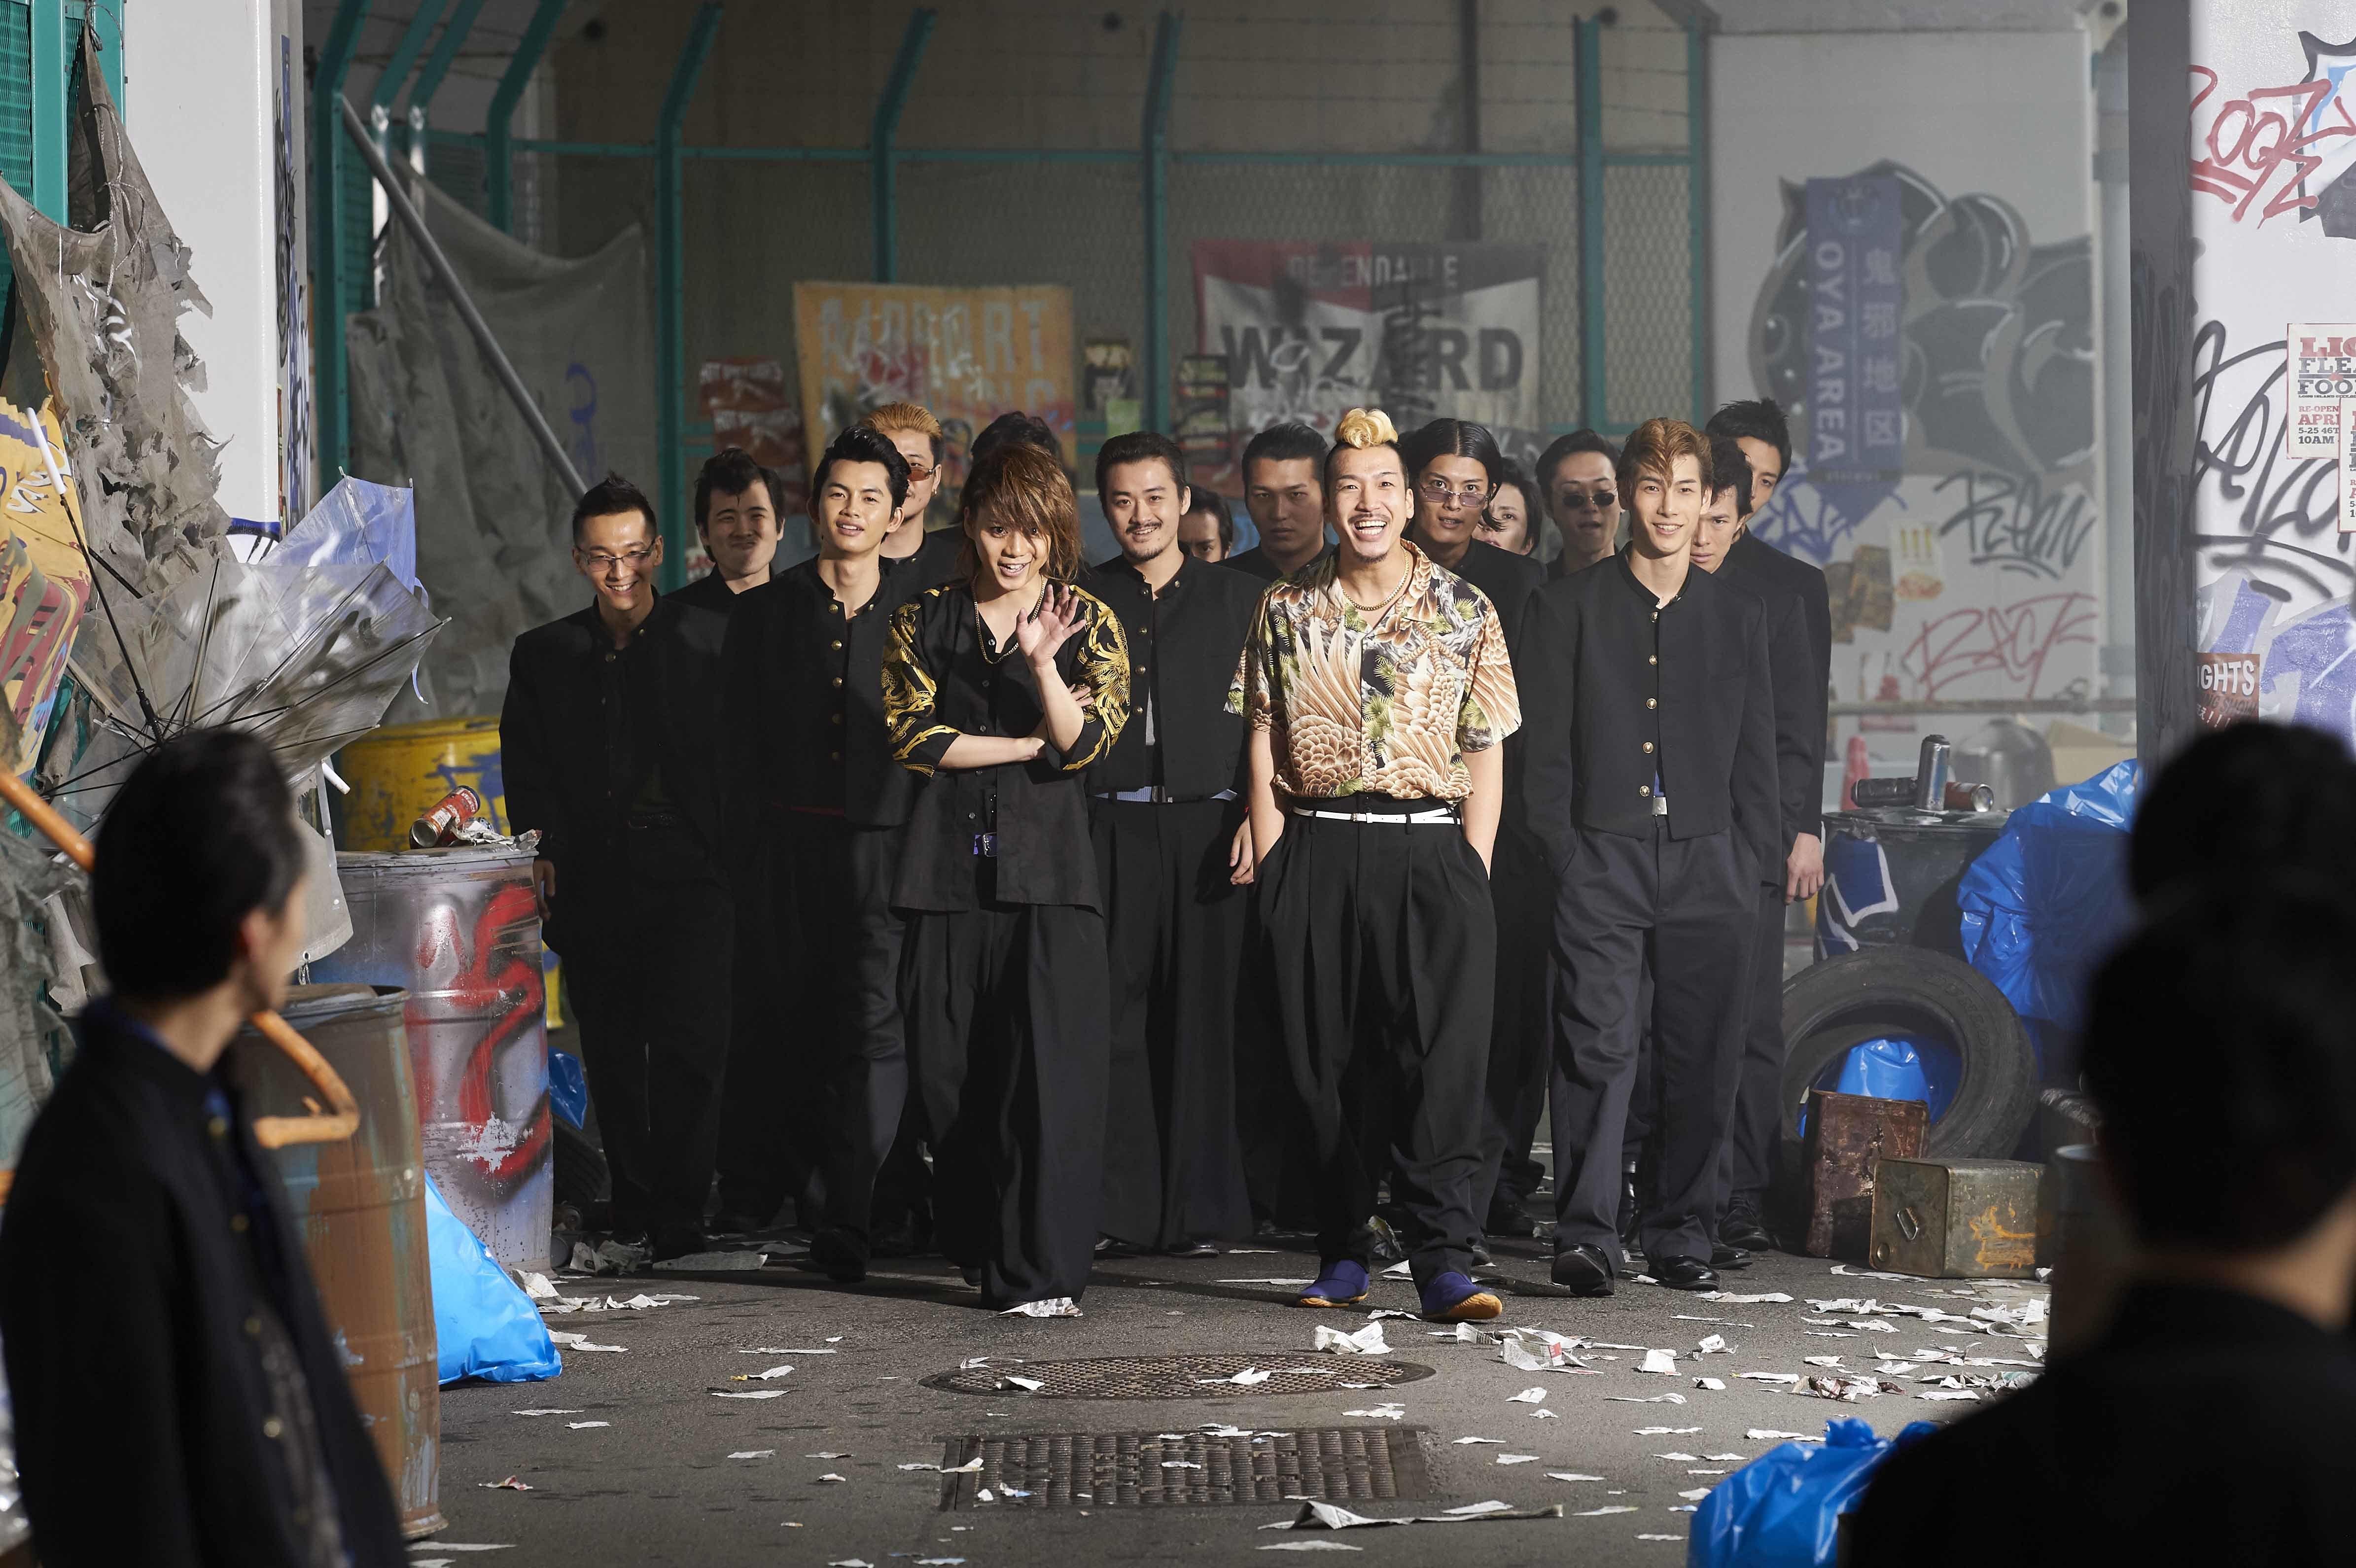 泰志(佐藤流司)・清史(うえきやサトシ)が率いる泰・清一派
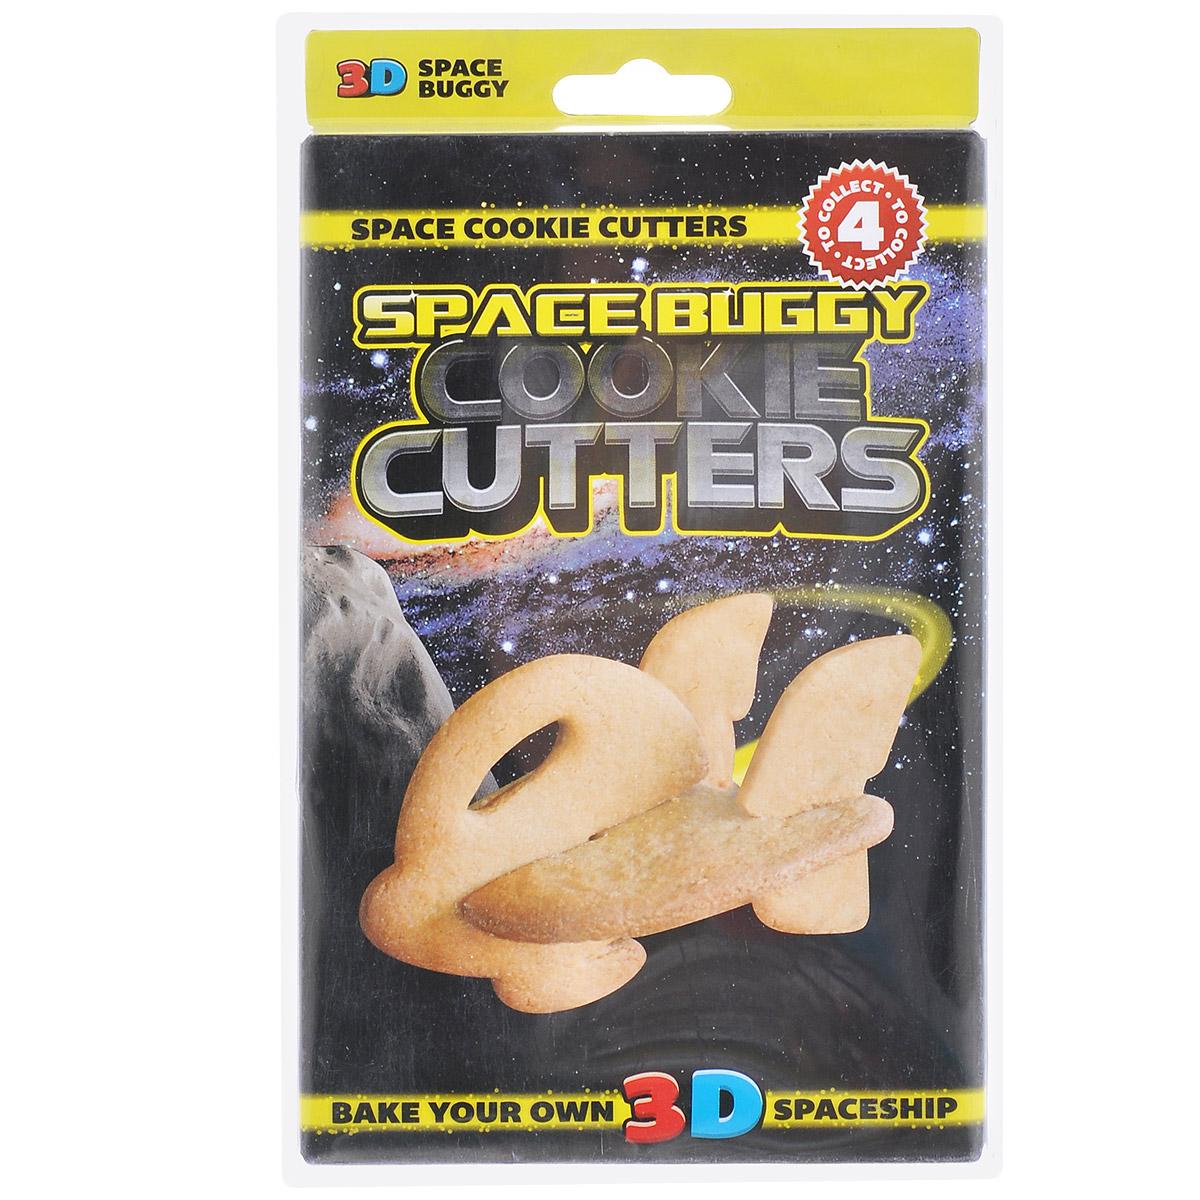 Форма для печенья 3D Suck UK Корабль, цвет: желтыйSK COOKIESPACE43D форма для печенья Suck UK Корабль, изготовленная из высококачественного и прочного пластика, состоит из пяти составных частей, которые позволяют собрать объемную фигуру в виде космического корабля. С такой формой легко и просто вырезать фигурное тесто для приготовления домашнего печенья.Форма для печенья Suck UK Корабль вдохновит вас и вашего ребенка на кулинарные шедевры.Можно мыть в посудомоечной машине. Размер самой большой составной части: 9 см х 8 см.Размер самой маленькой составной части: 4 см х 4 см.
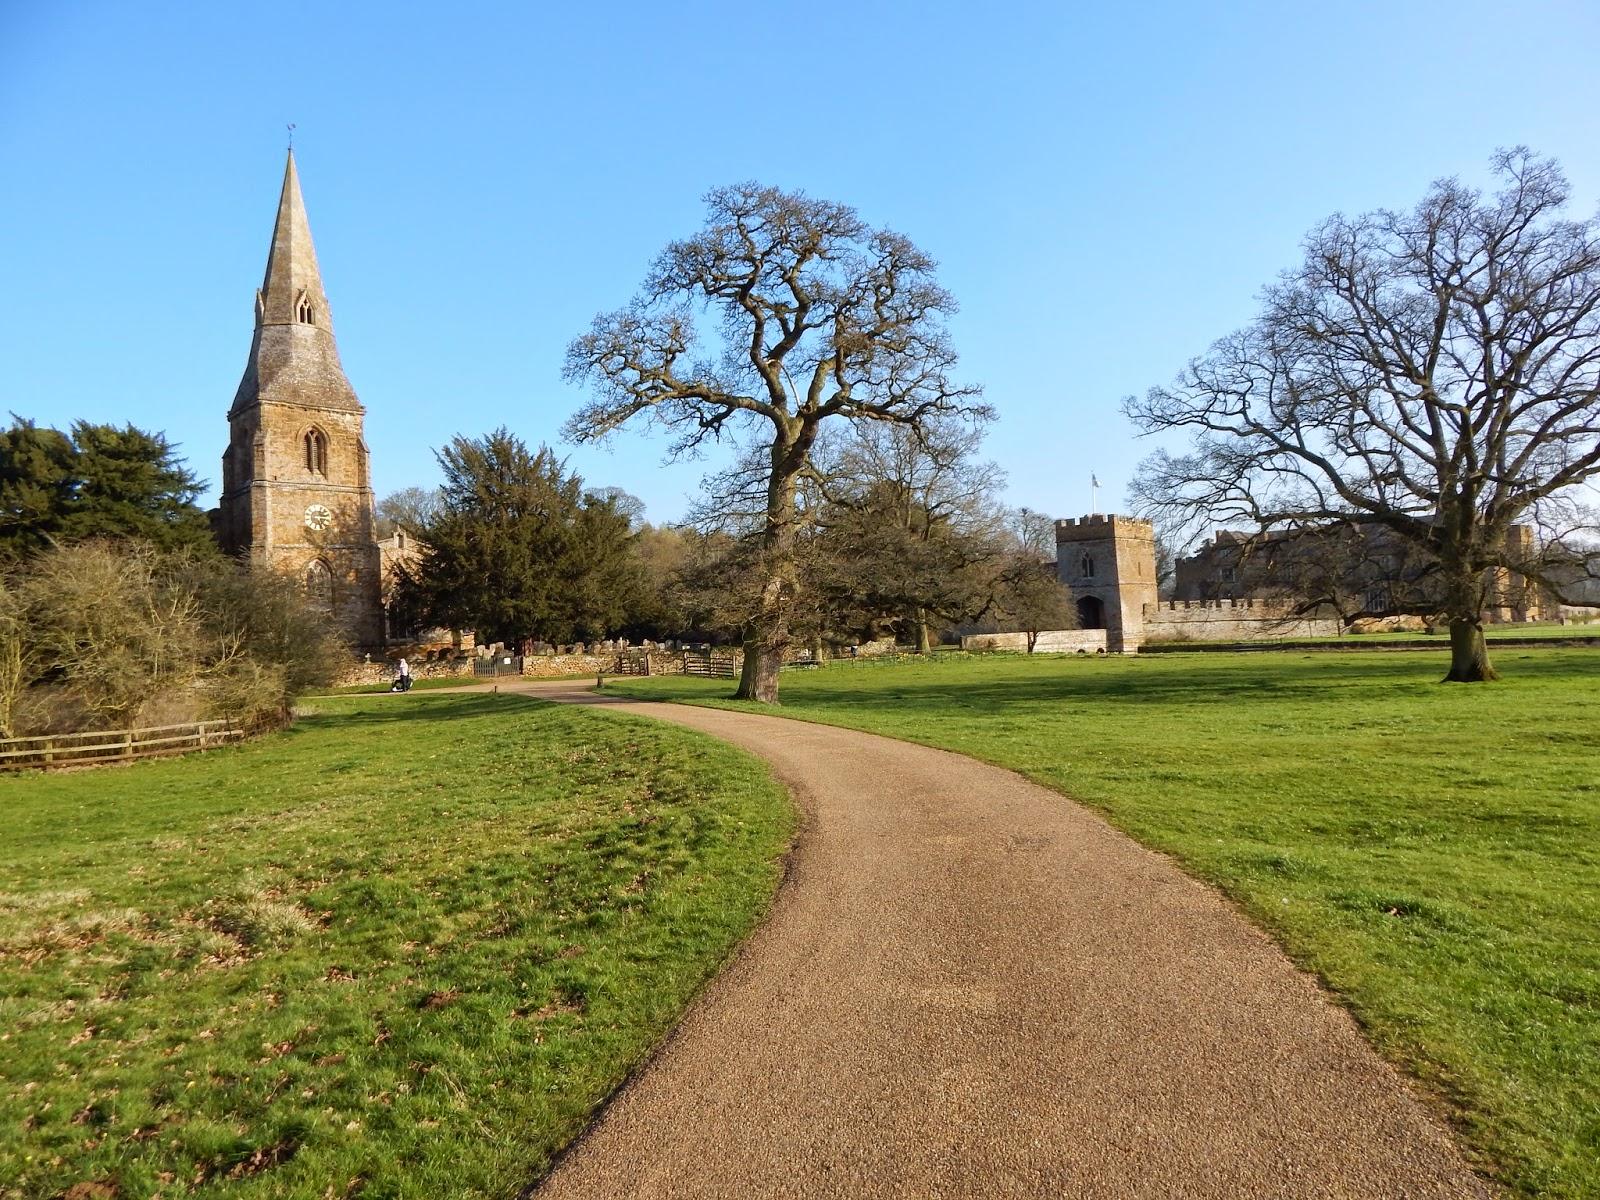 zamek Broughton, zwiedzanie, Banbury

━━━━━━━━━━

● **WHAT THE EXERCISE ASKS**: Write out exactly the opening lines of the data, stopping after the line that holds "Форма для печенья 3D". Exclude pictures.

● **SOLUTION TO THIS TASK**:
 泰志(佐藤流司)・清史(うえきやサトシ)が率いる泰・清一派
 Форма для печенья 3D Suck UK Корабль, цвет: желтыйSK COOKIESPACE43D форма для печенья Suck UK Корабль, изготовленная из высококачественного и прочного пластика, состоит из пяти составных частей, которые позволяют собрать объемную фигуру в виде космического корабля. С такой формой легко и просто вырезать фигурное тесто для приготовления домашнего печенья.Форма для печенья Suck UK Корабль вдохновит вас и вашего ребенка на кулинарные шедевры.Можно мыть в посудомоечной машине. Размер самой большой составной части: 9 см х 8 см.Размер самой маленькой составной части: 4 см х 4 см.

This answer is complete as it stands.